Thursday, February 26, 2009

Three and Two

As of about 26 minutes ago, David Cortland is officially two years old! Of course, he’s been acting like a stereotypical two-year-old for weeks, now—probably even months—but now he’s finally got the number to go with it.


In some ways, it feels like only yesterday that we were in the hospital in Noblesville, waiting for him to come out and then finally bonding with him, once he did. In other ways, it seems like an Eternity ago and we can’t even believe it’s been a mere two years.


Whatever the case, we’re incredibly grateful for our beautiful, little two-year-old and all the joy he brings into our lives. Happy birthday, David!

Friday, February 13, 2009

Scheduling



With Church at 11:00 this year, we generally get home at around 2:45 and start on a very late lunch. (Yes, the kids get snacks on the way there, and David gets another in nursery.) So needless to say, even the earliest we can get done with lunch is already into naptime. This past Sunday, Leah never went down—nor even bothered to get re-dressed after her Spaghetti-Os!—and David napped very shortly, so we had some playtime left between his waking up and extended family coming over, at 5:30—and Daddy actually thought to get the camera!


Check out the photos!

Thursday, February 5, 2009

Finger Painting



There something about the death of a child that really makes you reevaluate your priorities. Even if you think you’ve been doing pretty well, up to that point, you start to genuinely take stock of things and make a point of spending time on the essential things, instead of just the important ones (or even the unimportant ones).
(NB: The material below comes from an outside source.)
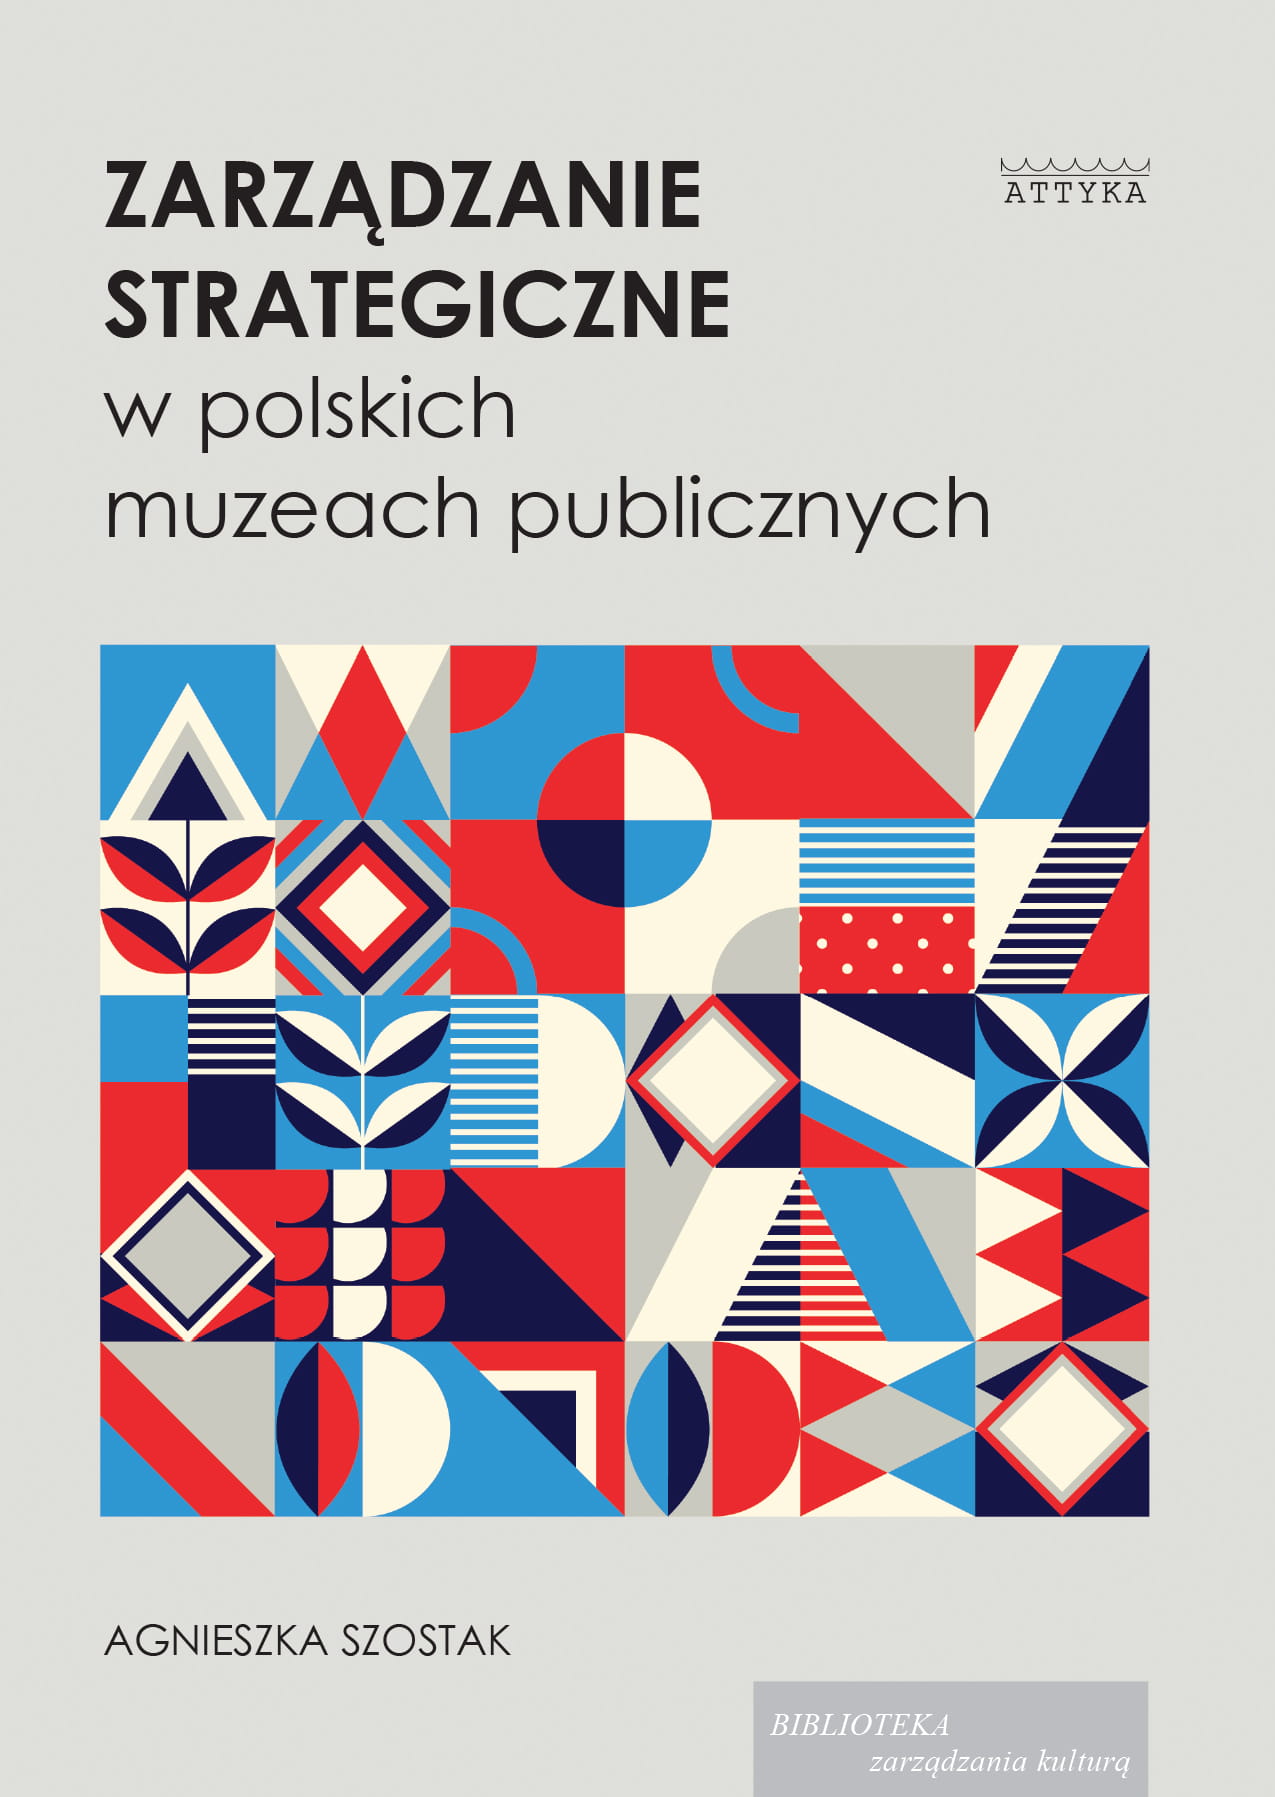 Okładka książki. W prawym rogu logo wydawnictwa Attyka. U góry napis "Zarządzanie strategiczne w polskich muzeach publicznych" poniżej geometryczne wzory w kolorze czerwonym i niebieskim
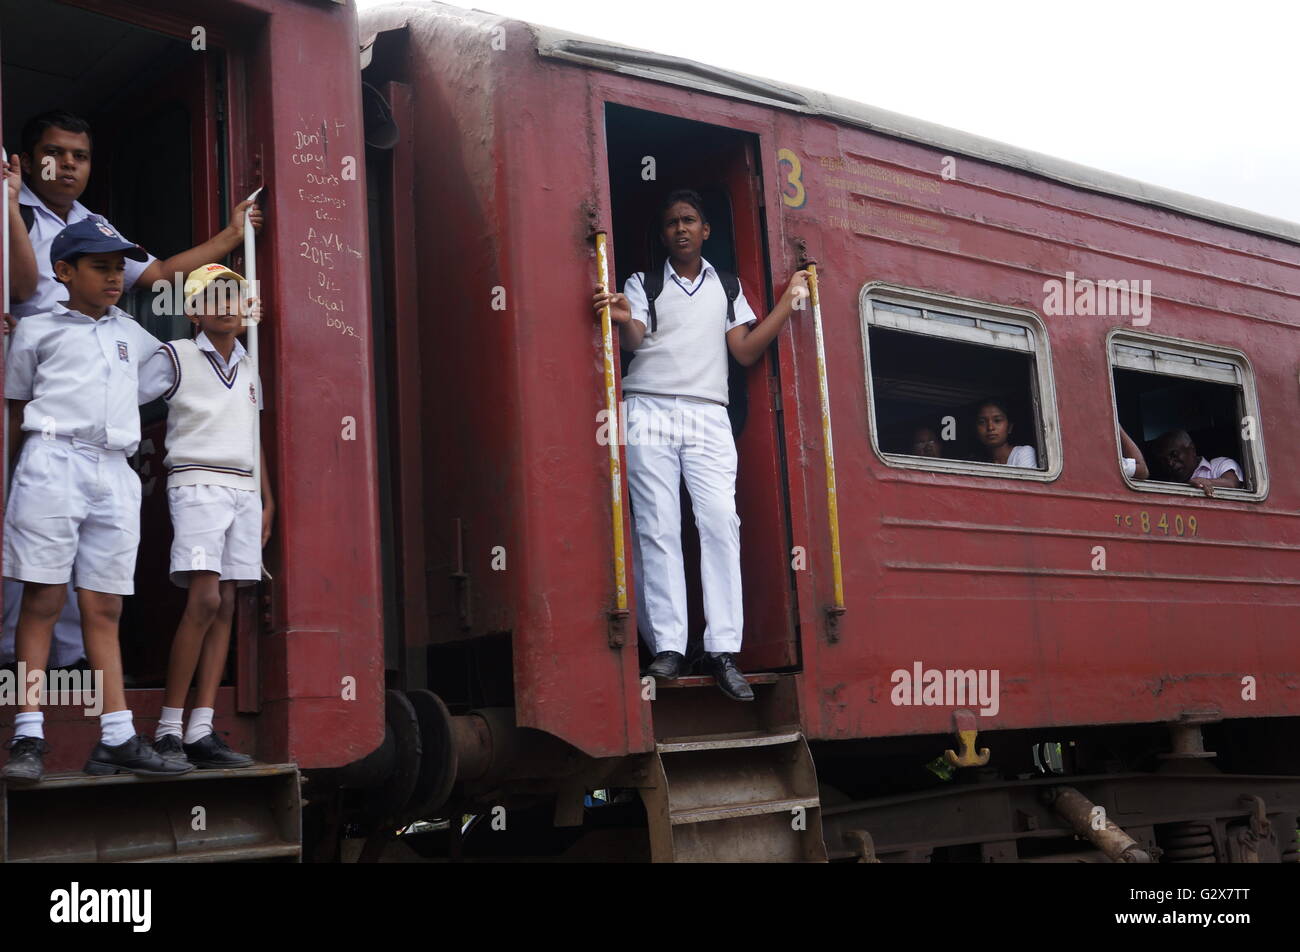 Junge Studenten in Uniform auf dem Weg zurück vom Schule stehen auf den Plattformen von einem alten Zug, Kandy, Sri Lanka. Stockfoto

Case in point: last night, Mommy told Daddy that when he got off work, we would be finger painting, as a family. Daddy was absolutely ecstatic. We’re together as a family every single day, but how often do we actually do something really special, like that? As it happened, circumstance rendered the session a bit later than expected—we actually did it, after supper—but wow, did we have a great time just being together, a family like our Father in Heaven intended. ☺


(more pics)

Saturday, January 31, 2009

Daniel

Today was one of the hardest days we’ve ever had to endure: it’s the day we buried our beautiful little boy. We named him Daniel Carey Drake, following the Drake family tradition of giving the second son a maternal-line surname as his middle name.


Daniel was approximately four inches long and was buried in a tiny, satin-lined casket donated by his mommy’s visiting teacher Patty, wrapped in a white handkerchief and tucked in under a remnant of a blue baby blankey with a parent/child pair of giraffes and the words “Sweet Baby.” (Both the handkerchief and the blanket were from Mawmaw.)


Pawpaw dug the grave in Mawmaw and Pawpaw’s backyard, and the elements were greatly tempered as Daddy dedicated it under a beautiful, sunny sky and a surprisingly warm 35˚F. After the dedication, Pawpaw placed the coffin inside a metal ammunition box that Papaw left him, then placed that inside two plastic bags, to keep out the moisture. Parents and grandparents then each tossed some dirt into the grave and Daddy and Pawpaw filled in the rest. When Spring comes, we’ll be adding a plant to attract butterflies, in his honor.


Thanks to all those that have expressed their love and gratitude during this obviously trying time, and also to those that have remained silent for not knowing what to say. We love you all, and your prayers have definitely been felt in this, our time of greatest need.

Thursday, January 29, 2009

Butterbean

We lost our little baby this morning. Butterbean was at almost 13 weeks gestation. We don’t know what happened, but Anna is of course blaming herself and her body’s supposed incompetence. July 25 and August 8 (our realistic and estimated due dates, respectively) are going to be really, really hard to face, but thank goodness for our two other, beautiful children.